Problem description. Omit every picture. Return all other data as it stands.
Data excerpt START
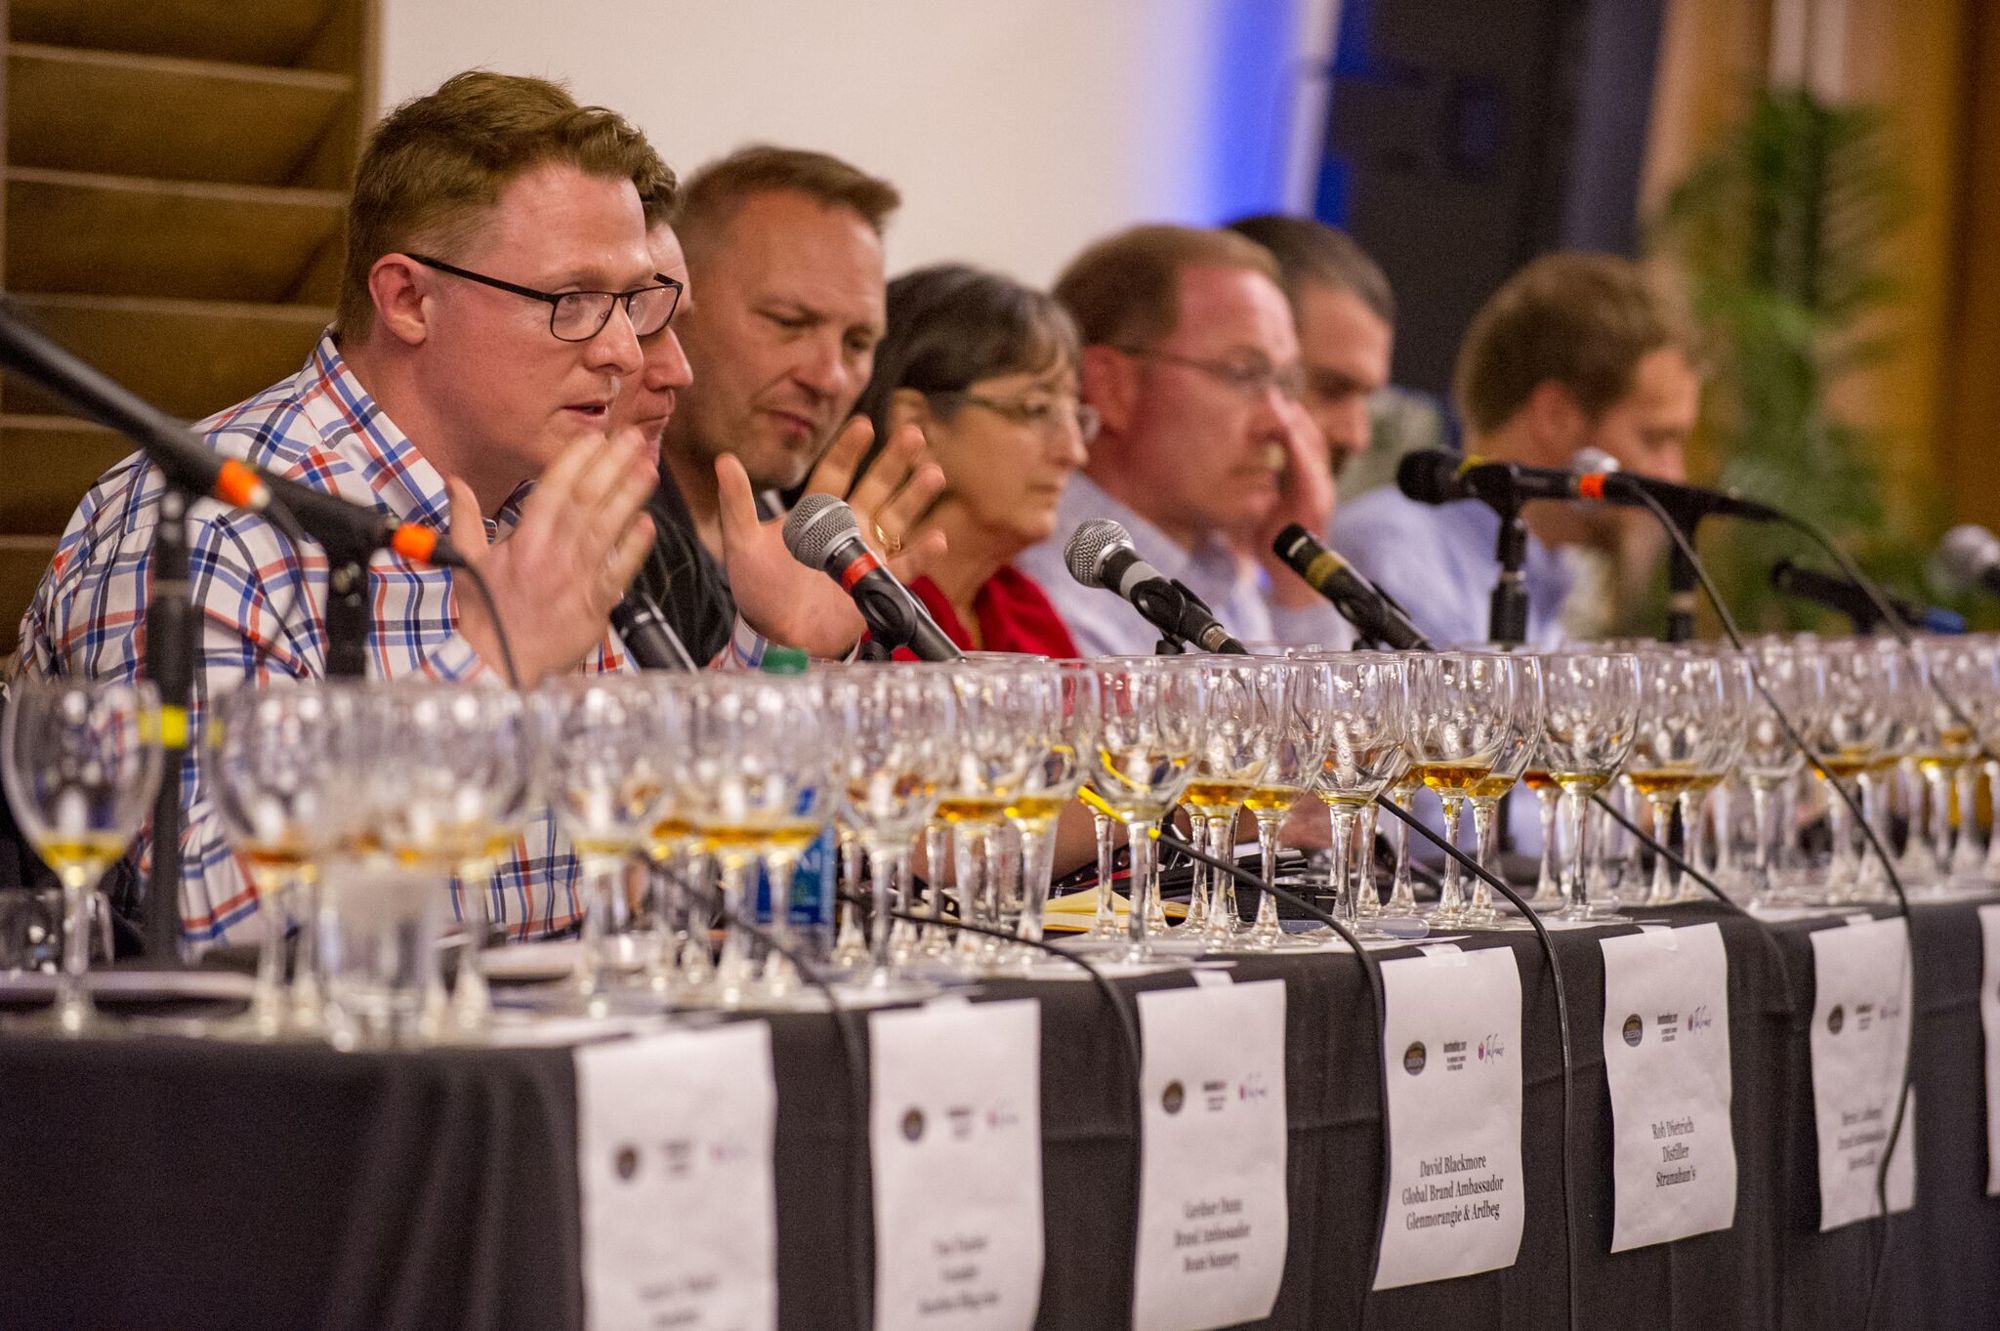 The 2016 Panel of Whiskey Experts discuss the beverage at Whiskey Obsession Festival. Courtesy photo
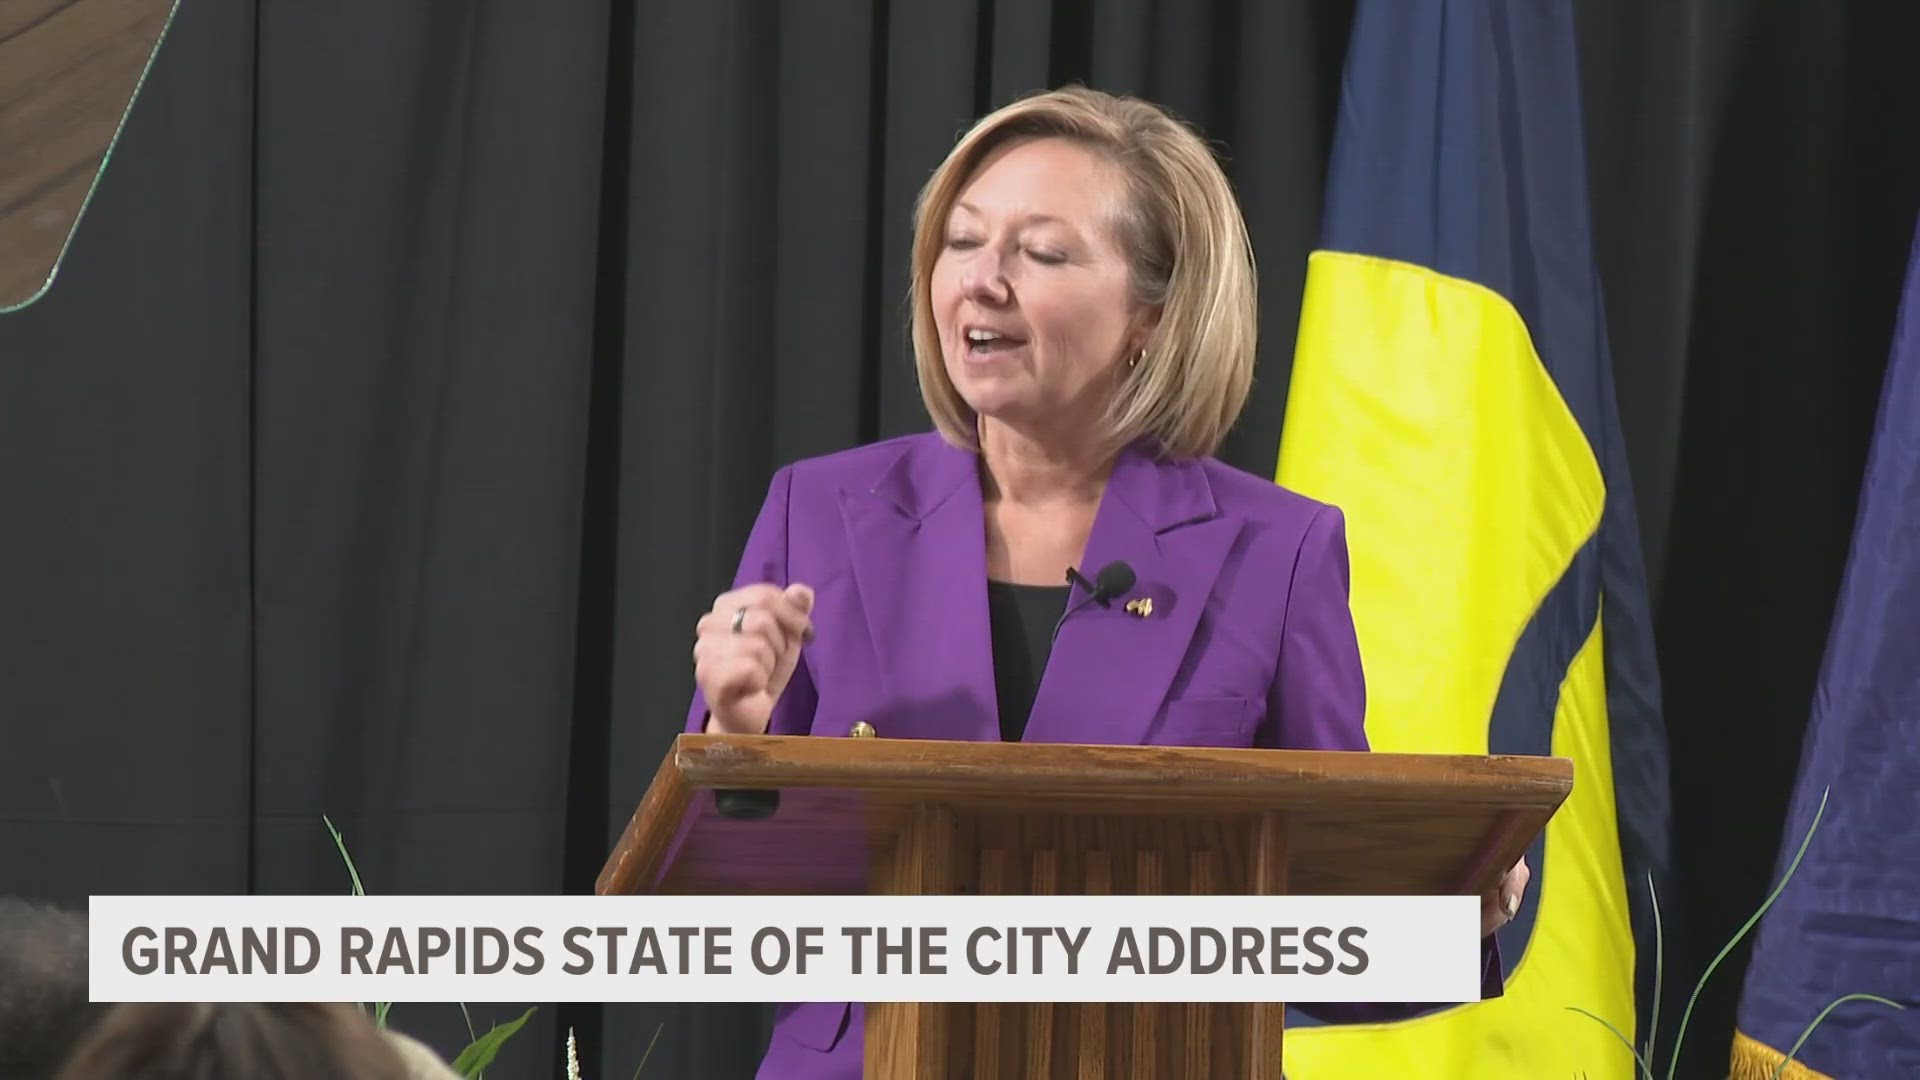 Mayor Bliss also addressed the housing crisis in Grand Rapids, as well as the delayed Grand River whitewater project.
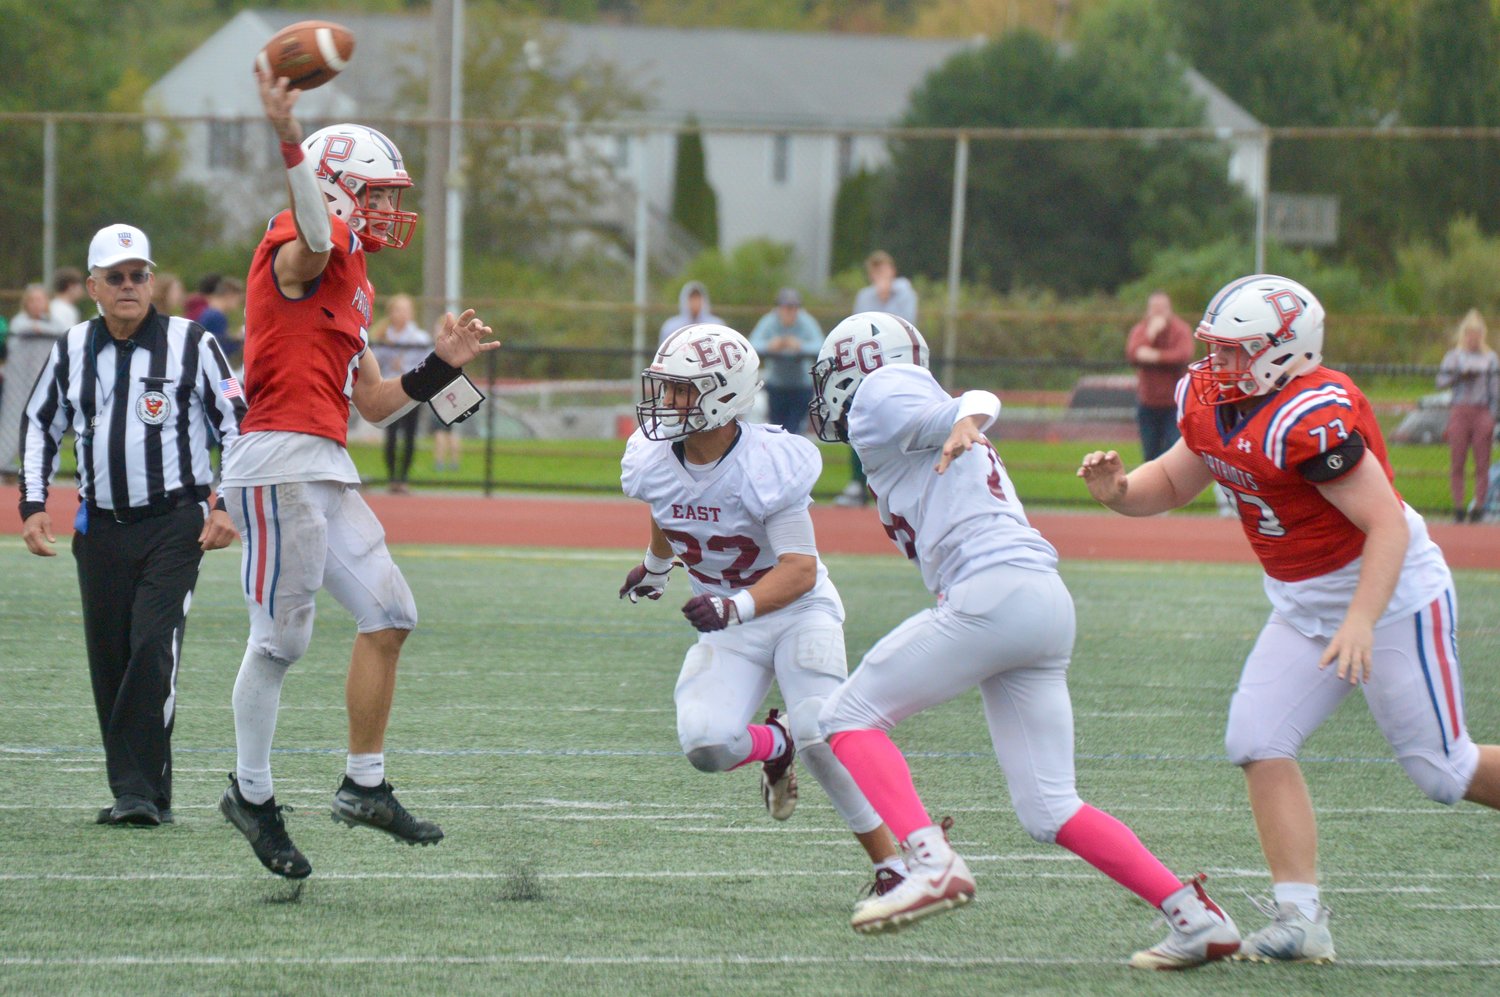 Portsmouth High quarterback Ben Hurd passes over two defenders in the first half of Saturday’s Homecoming game against East Greenwich. He had a big day, to say the least.
Data excerpt END
Response to the task.
 The 2016 Panel of Whiskey Experts discuss the beverage at Whiskey Obsession Festival. Courtesy photo
 Mayor Bliss also addressed the housing crisis in Grand Rapids, as well as the delayed Grand River whitewater project.
 Portsmouth High quarterback Ben Hurd passes over two defenders in the first half of Saturday’s Homecoming game against East Greenwich. He had a big day, to say the least.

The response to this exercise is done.